Step 7: Advanced Troubleshooting Techniques
Re-enabling and Restarting the Service
After making changes, reload units if needed, then restart the service. You do not need to run enable every time unless you are changing boot behavior.
sudo systemctl daemon-reload # Reload systemd manager configuration
sudo systemctl restart <service_name>.service
Using systemctl --failed
This command lists all units that are currently in a failed state.
systemctl --failed
Checking Resource Limits (ulimit)
Some services may fail if they hit operating system-level resource limits. Check limits with ulimit -a as the user the service runs as, or check systemd's own resource control directives in the unit file.
For systemd-managed services, unit properties are often more relevant than an interactive shell's ulimit:
systemctl show <service_name>.service -p LimitNOFILE -p User -p Group -p MemoryMax -p TasksMax
If an application says too many open files, compare LimitNOFILE with the application's connection count and file usage. If a service cannot create threads or child processes, look at TasksMax.
Debugging Flags
Many applications have debug modes or verbose logging that can be enabled via command-line arguments in the ExecStart line of the .service file. Consult the application's documentation.
A Quick Example: Service Works Manually, Fails at Boot
This is one of the most common systemd complaints. A developer runs the command by hand and it works. The same command fails as a service. The usual difference is environment.
Check the service user and working directory:
systemctl show myapp.service -p User -p Group -p WorkingDirectory
systemctl cat myapp.service
Then look for assumptions in the app: relative paths, files in a home directory, environment variables from .bashrc, or credentials loaded by an interactive shell. systemd does not read your shell startup files for a service. If the app needs APP_ENV=production or DATABASE_URL=..., put that configuration in the unit with Environment=, an EnvironmentFile=, or your normal secret-management path.
Boot-only failures can also be ordering problems. A service may start before DNS, the network address, or a mounted filesystem is ready. Do not fix that with a blind sleep in the application.

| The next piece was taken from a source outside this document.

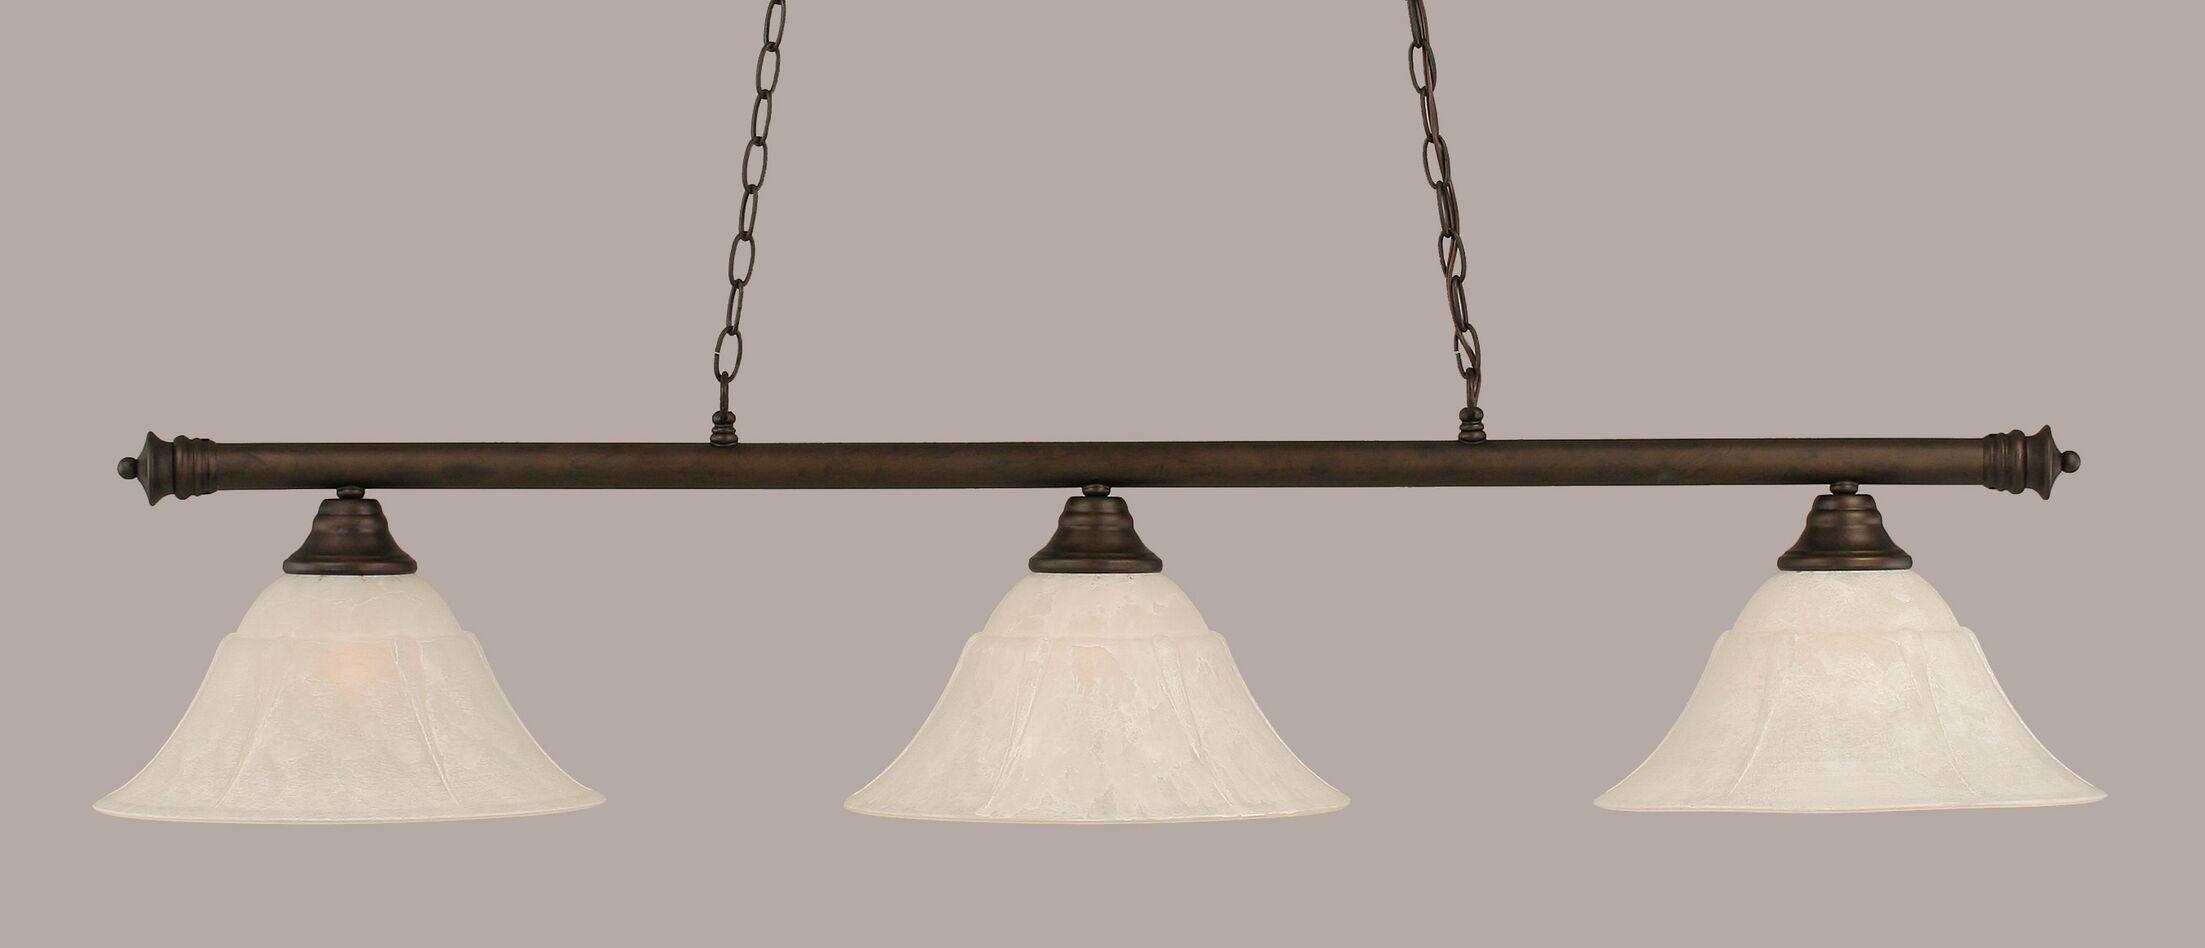 Mendez 3-Light Billiard Light Finish: Bronze, Shade Color: White, Size: 12

Express the dependency in the unit:
Wants=network-online.target
After=network-online.target
RequiresMountsFor=/srv/myapp
RequiresMountsFor= is useful when the service needs a specific path, especially if that path comes from a separate disk or network mount. It is clearer than hoping a broad target happens to finish first.
Resetting Failed State
After a service fails, systemd remembers the failed state until it is reset or the unit succeeds. That is helpful for visibility, but it can confuse status checks after you have already fixed the issue:
sudo systemctl reset-failed myapp.service
sudo systemctl restart myapp.service
systemctl status myapp.service
Use reset-failed after you have captured the evidence you need. During an incident, the failed state and journal timestamps are useful breadcrumbs.
One more small habit helps after noisy failures: check whether the unit is restart-looping before you edit anything.
systemctl show myapp.service -p NRestarts -p RestartUSec
If the restart count is climbing quickly, stop the unit while you investigate. That protects dependencies from repeated bad connections and keeps the journal readable.
The reliable pattern is: read status, read the journal, inspect the effective unit with systemctl cat, verify dependencies and paths, then restart only after you know what changed. That keeps systemd troubleshooting boring, which is exactly what you want during an outage.